Investors Size Up Sustainability

05.29.2014
Terry Flanagan

Impax Asset Management, a specialty investment firm, is focused on global equity strategies across alternative energy, energy efficiency, water, waste, food and agriculture related markets.

The firm’s investments aim to benefit from the long-term trends of changing demographics, urbanization, rising consumption, and the resultant increases in resource scarcity.

Ian Simm, the company’s founder and CEO, launched the company in 1998 with the premise that there were a large number of rapidly growing companies operating in the areas of environmental, infrastructure, environmental technology and renewable energy.

“From the outset, we’ve been interested in resource efficiency and environmental markets, and we’ve been attracting institutional clients to manage parts of their portfolios to invest in those areas, and that specifically means investing into global equities in the water sector, the food and agriculture sector, energy efficiency, renewable energy and waste management, in particular,” said Simm.

Ian Simm, Impax Asset Management

Ian Simm, Impax Asset Management

Four of five investors consider sustainability issues to be relevant, according to research by PwC. About 80% of responding investors say that they considered these concepts in one or more investment contexts during the past year.

“Our survey asked whether sustainability issues are considered by investors, not necessarily whether they are the dominate consideration in investment decision-making,” Kayla Gillan, leader of PwC’s Investor Resource Institute, told Markets Media. “In that context, respondents to our survey indicated that the quest to reduce risk is the primary driver, followed closely by the goal of enhancing performance and minimizing exposure to unethical companies.”

With more than $4.0 billion in assets under management for institutional and high net worth investors globally, Impax is approximately 85 percent long only strategies and 15 percent private equity strategies.

“In the long-only space, we have five individual strategies: global small cap (Specialists Strategy), global all cap (Leaders Strategy), as well as three specialist strategies in water, food and agriculture, and Asia/Pacific region,” said Simm. “Our private-equity business is dedicated to the power generation sector, so we fund the construction of new power stations, particularly in the renewable energy space.”

Impax’s client base includes approximately 75 institutional investors around the world. These clients are comprised primarily of pension funds, insurance companies, sovereign wealth funds and the remainder are family offices, charities, endowments, foundations, and high net worth individuals.

Approximately 10 percent of its assets are from North America, with about 5 percent from the Asia-Pacific region and the balance from Europe. “Most of our clients have historically been European, however we have gained strong momentum and a rapid pick up of client interest, particularly in the United States,” said Simm.

Within institutional portfolios, Impax acts as a diversifier for global equity, in particular core/satellite or opportunistic type frameworks. “We also fit quite well into the natural resources allocations that many institutions have, such as an institution that would have quite a sizable fossil-fuel extraction related, natural resources portfolio,” Simm said.
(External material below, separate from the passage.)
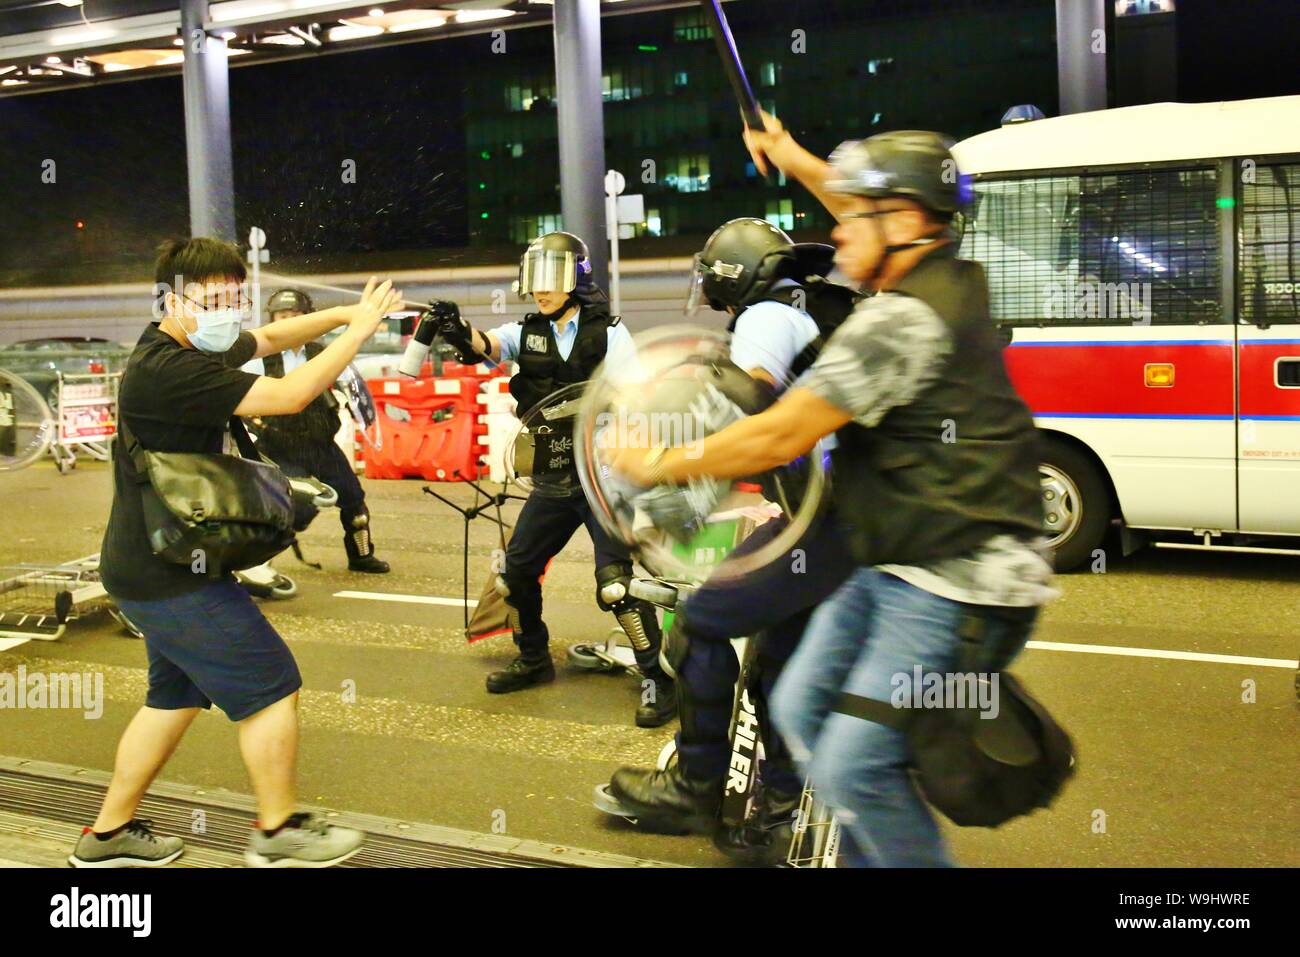 Hong Kong. 13 Aug, 2019. Los disturbios estallan en el Aeropuerto Internacional de Hong Kong, cuando la policía intentan rescatar a dos hombres chinos que son sospechosos de ser agentes encubiertos de la China continental y, por tanto, retenidos por los manifestantes en el interior del aeropuerto. Los enfrentamientos estallan a media noche, spray de pimienta se usa y unos pocos manifestantes son arrestados. Crédito: Gonzales Foto/Alamy Live News Foto de stock

Impax’s listed equity funds seek out mis-priced companies that are set to benefit from long-term trends of changing demographics, urbanization, rising consumption, and the resultant increases in resource scarcity.

“We’ve got a unique offering because our clients are convinced of our thesis that these areas are not only growing rapidly, but they’re also quite prone to producing inefficiently priced equities, which presents a great opportunity for our team of specialists to buy cheap stocks and identify private investments at favorable valuations,” Simm said.
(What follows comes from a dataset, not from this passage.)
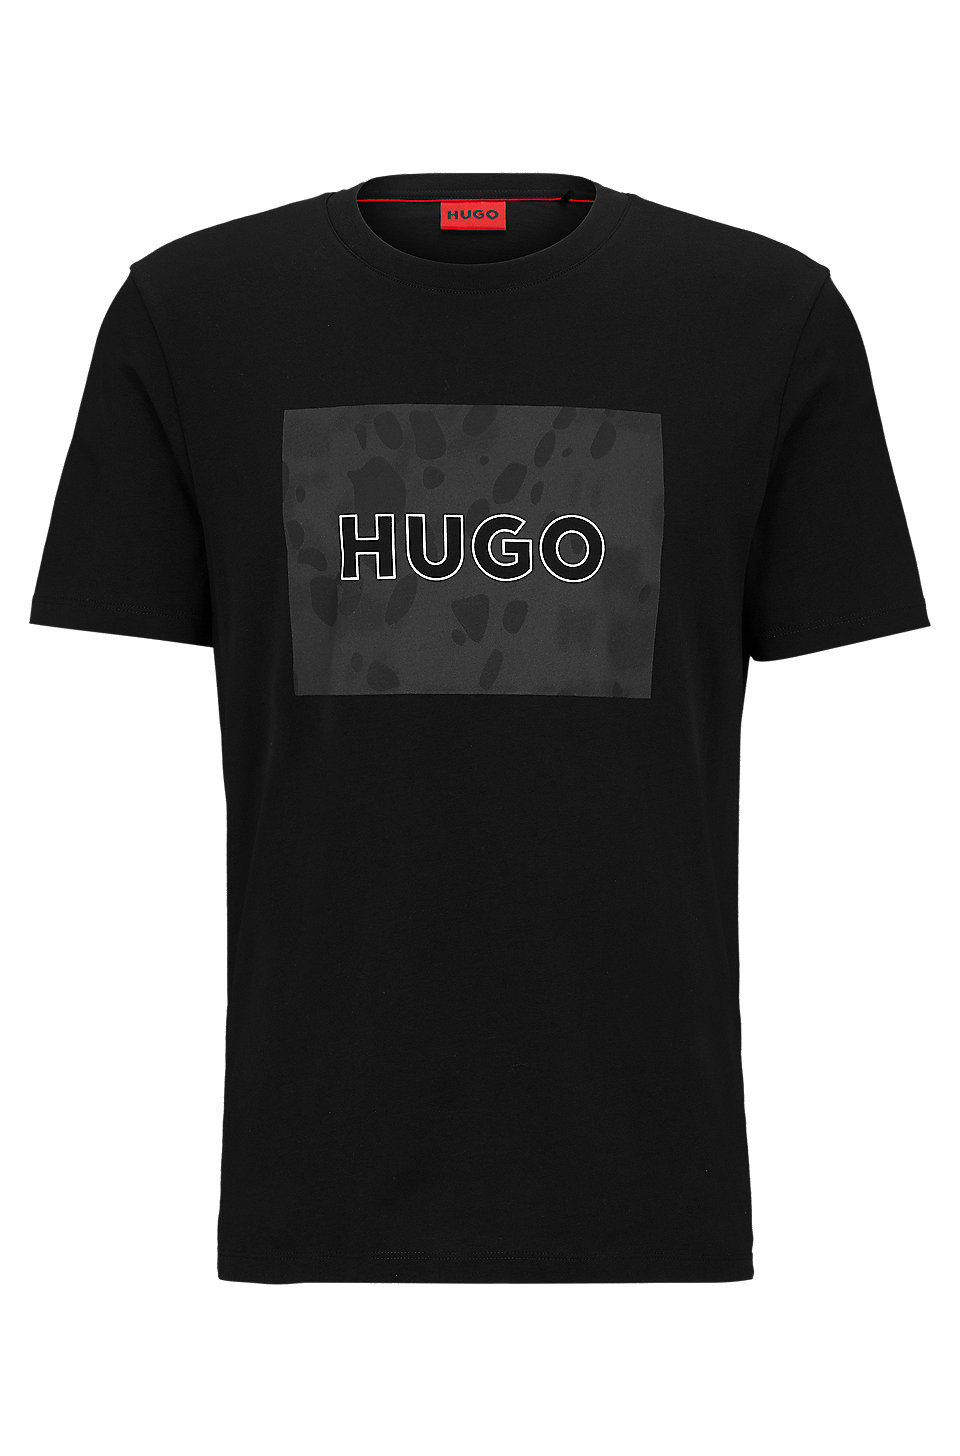 HUGO - Cotton-jersey T-shirt with Dalmatian-print logo artwork

Take waste management for example. “Waste is simply a jumble of materials, and in a world of generally higher commodity prices and medium- to long-term resource scarcity concerns, those companies that can extract high-value materials streams are well placed to make quite a bit of money,” said Simm.
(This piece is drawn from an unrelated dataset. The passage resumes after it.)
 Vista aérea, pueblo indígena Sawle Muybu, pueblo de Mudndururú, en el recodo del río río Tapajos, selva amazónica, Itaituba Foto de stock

One such company is LKQ Corp., a U.S.-based provider of alternative collision replacement parts, recycled engines and transmission and remanufactured engines. “LKQ was set up around the turn of the millennium by executives of Waste Management International,” Simm said. “This group had the insight that once insurance companies had picked up ownership of damaged automobiles and vehicles, they quite often didn’t know how to realize value for them.”

LKQ set up to buy, at relatively cheap costs to them, these damaged to partly usable vehicles and stripped out the parts that could be used, then recycled them back to manufacturers. “They did that at significant scale with proper inventory management and IT systems,” Simm said. “In a few years they were able to create a leading go-to brand for the workshops, who wanted high-quality OEM parts at an attractive price.”